* _Aim of the exercise_
Each line in the material below, starting at the one that contains "Navy Classic Fit" and ending at the one that contains "Mens 100% Cotton", should be repeated exactly; the pictures should not.

* _Supplied data_
----

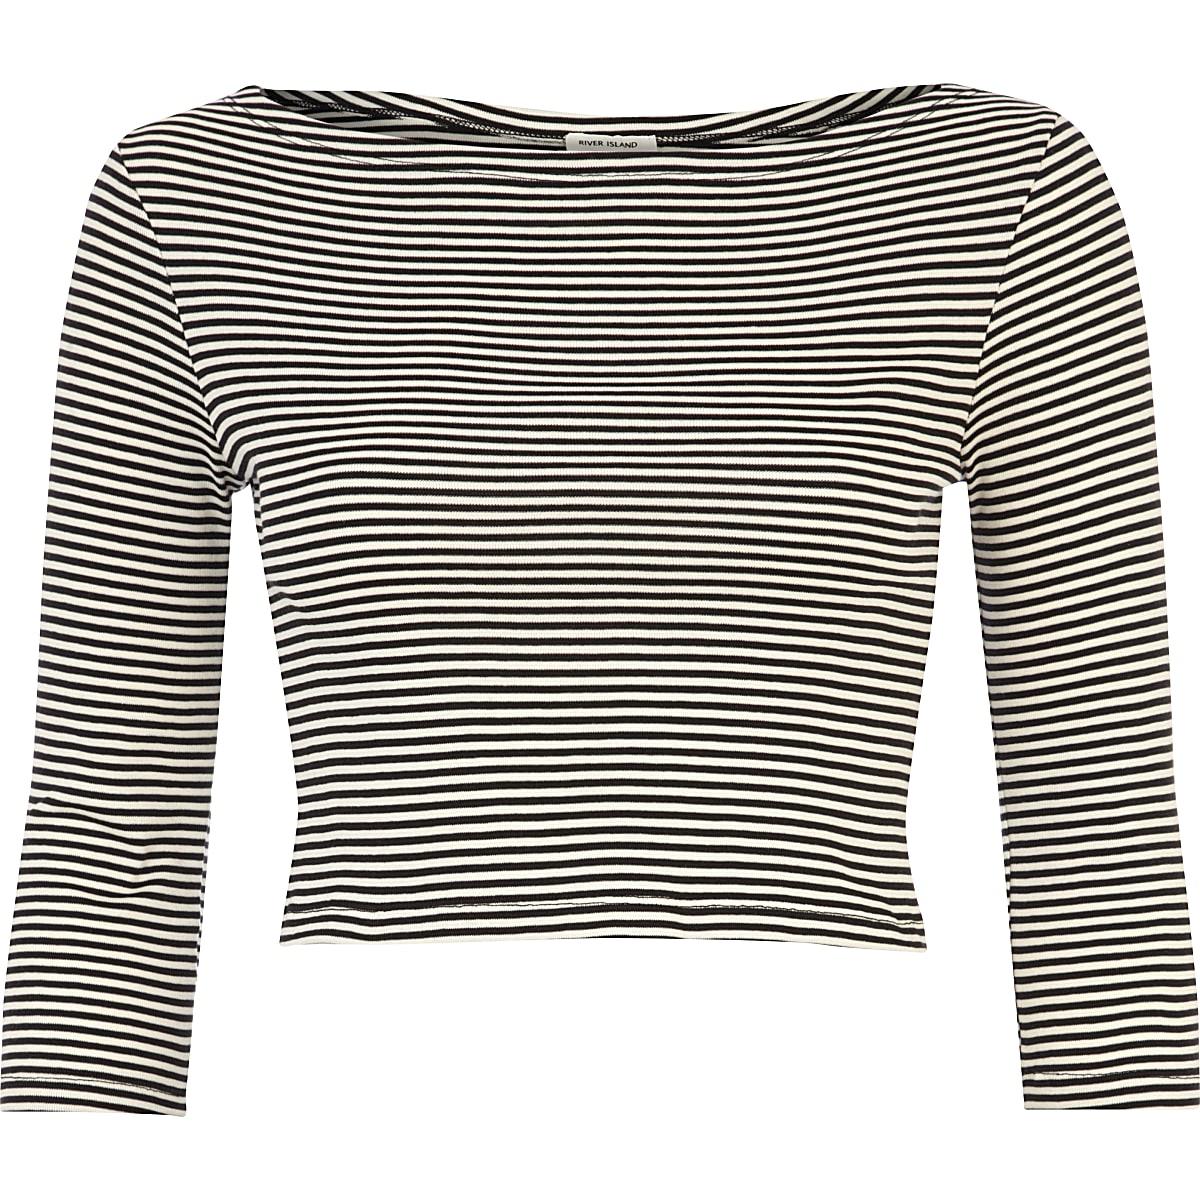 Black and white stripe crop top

----

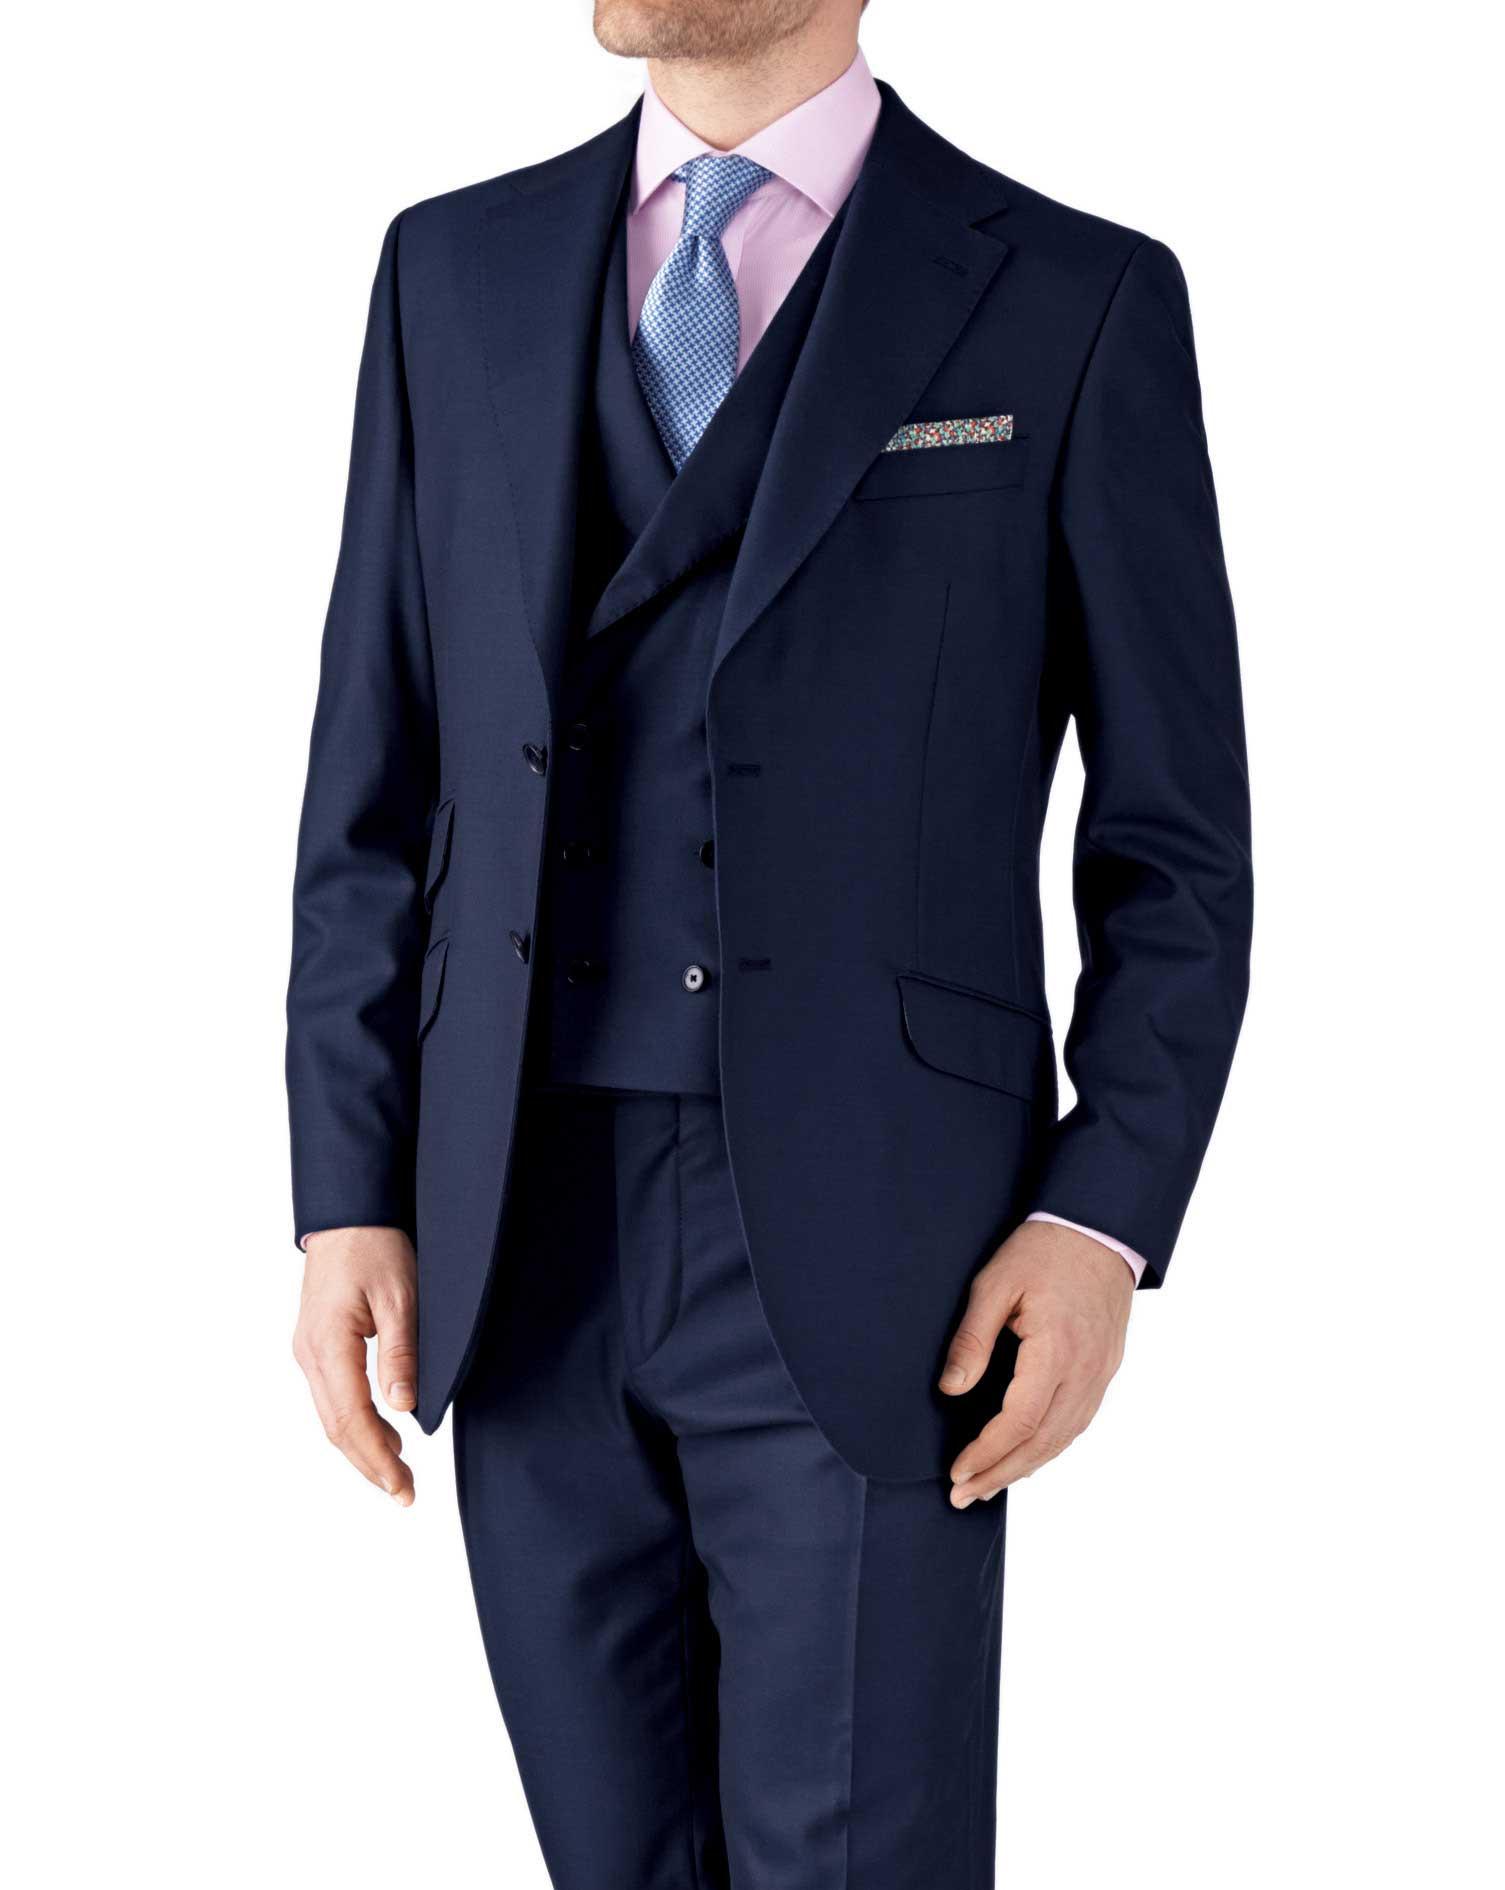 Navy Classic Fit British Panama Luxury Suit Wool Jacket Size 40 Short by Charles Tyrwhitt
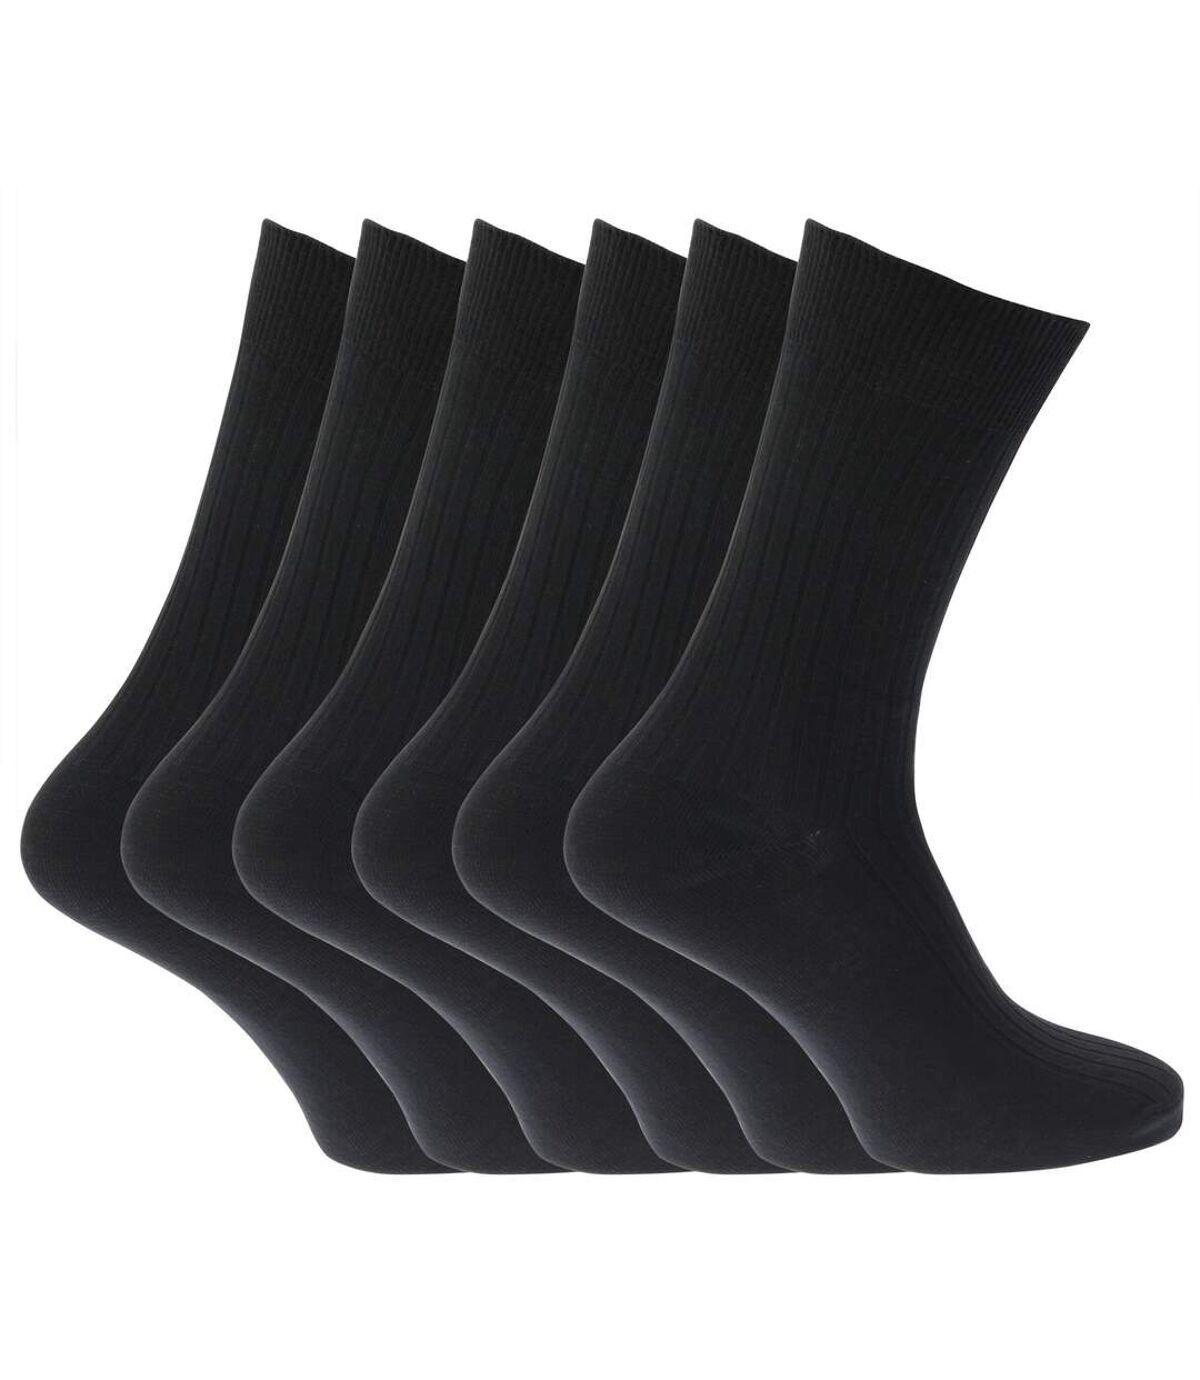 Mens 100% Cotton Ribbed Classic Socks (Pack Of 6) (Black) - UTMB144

----

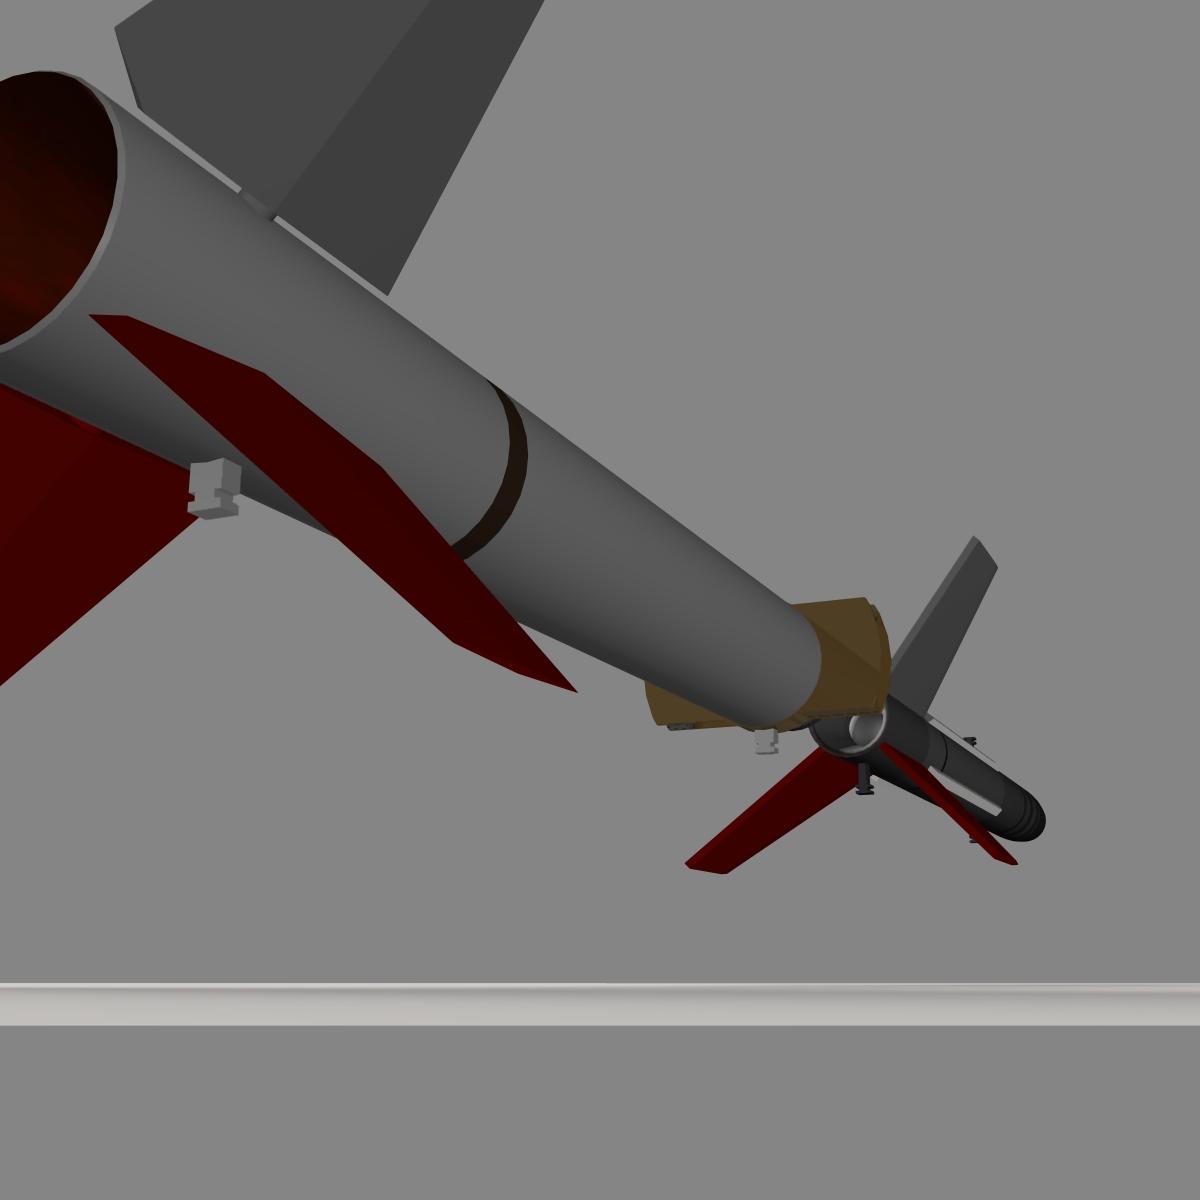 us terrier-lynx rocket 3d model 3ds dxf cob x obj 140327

----

* _Output of the task_
 Navy Classic Fit British Panama Luxury Suit Wool Jacket Size 40 Short by Charles Tyrwhitt
 Mens 100% Cotton Ribbed Classic Socks (Pack Of 6) (Black) - UTMB144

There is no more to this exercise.